Note from Ming: I remembered vividly during my first day of graduate school when Phil described to me the remarkable similarities between araiosamines’ ring-chain tautomerization to that of carbohydrates. These alkaloids can be viewed as having an outward experience of “sea sugar”, though their structures are way more mystifying compared to fellow “sea salt”. This “sugar coating” was rather deceiving, enticing me to this “sweet-looking” project which turned out to be a bitter pill at the outset.

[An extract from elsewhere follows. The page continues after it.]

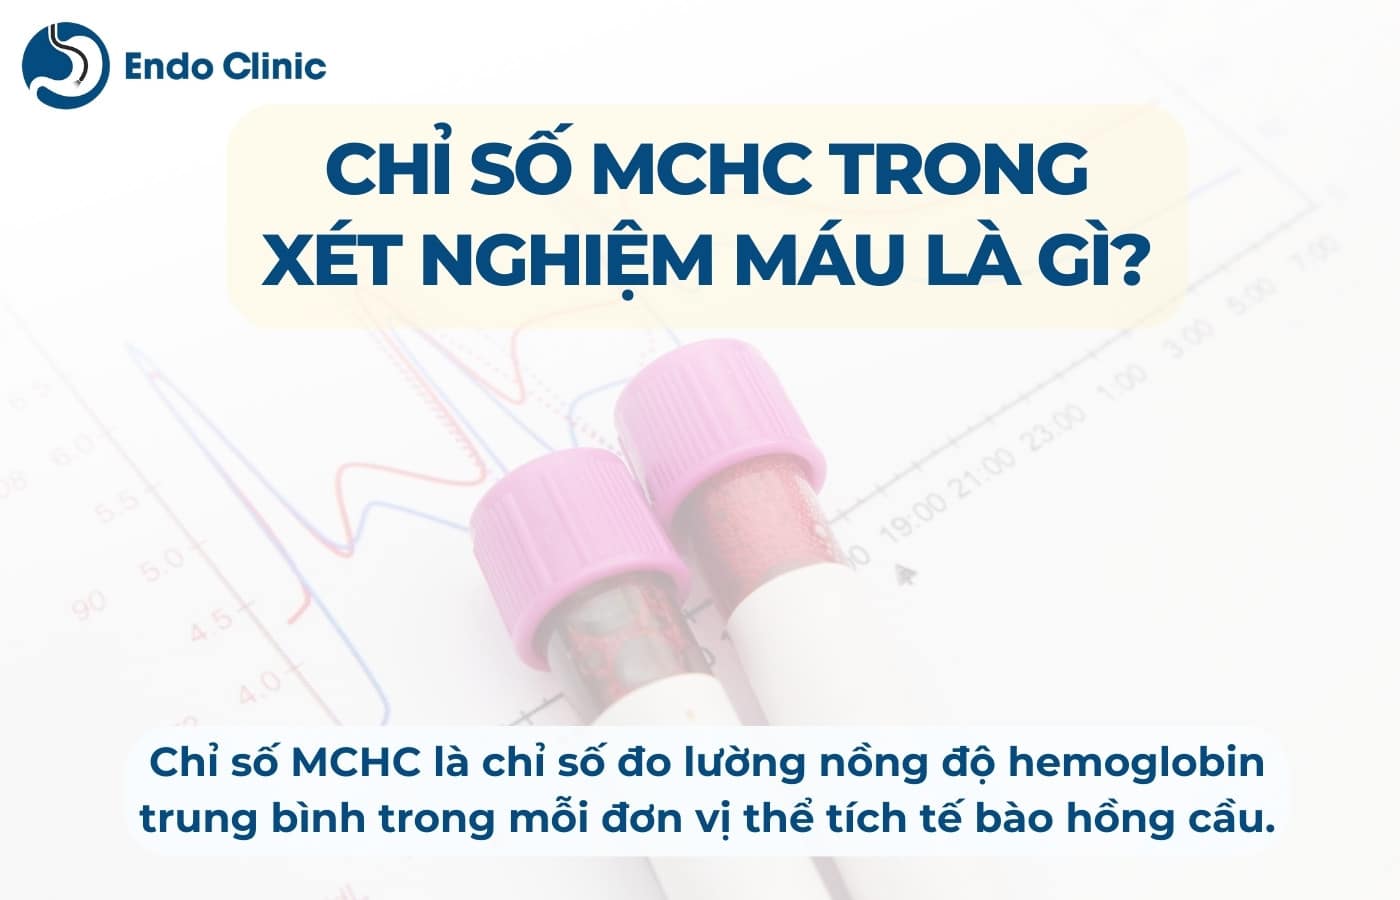 Chỉ số MCHC trong xét nghiệm công thức máu là gì

     Our earliest effort in the synthesis attempts to make araiosamine through direct trimerization of indolylacetaldehyde imines/enamines. This aldehyde which rapidly polymerizes in its neat form was later referred to by my colleagues as the “mingaldehyde”. It gave me an early exposure to “interdisciplinary research”: I would be making polymeric materials together with small molecules; the polymers thus produced have translational potentials from bench to the coal-tar industry. Together with Julian Shaw, an extremely talented visiting student, we surveyed an assortment of indolylacetaldehyde surrogates (discussed in the SI). We gained valuable insights on the reactivity and stability of various indole building blocks which would find use in our later efforts. But the end result of trimerization studies may be presented in a highly similar fashion as this legendary publication:

     Thus, half a year into the project, we decided to target the chain topology of araiosamines, embarking on what we dubbed as the “cyclic logic” in the paper. Admittedly, the amount of black tar I produced every day was dramatically reduced but extraneous functional groups present a significant hurdle. This was when we decided to combine lessons from all these approaches and formulate a new strategy to araiosamines. Having worked solo for a while after Julian’s departure, I was fortunate to be joined by Marc.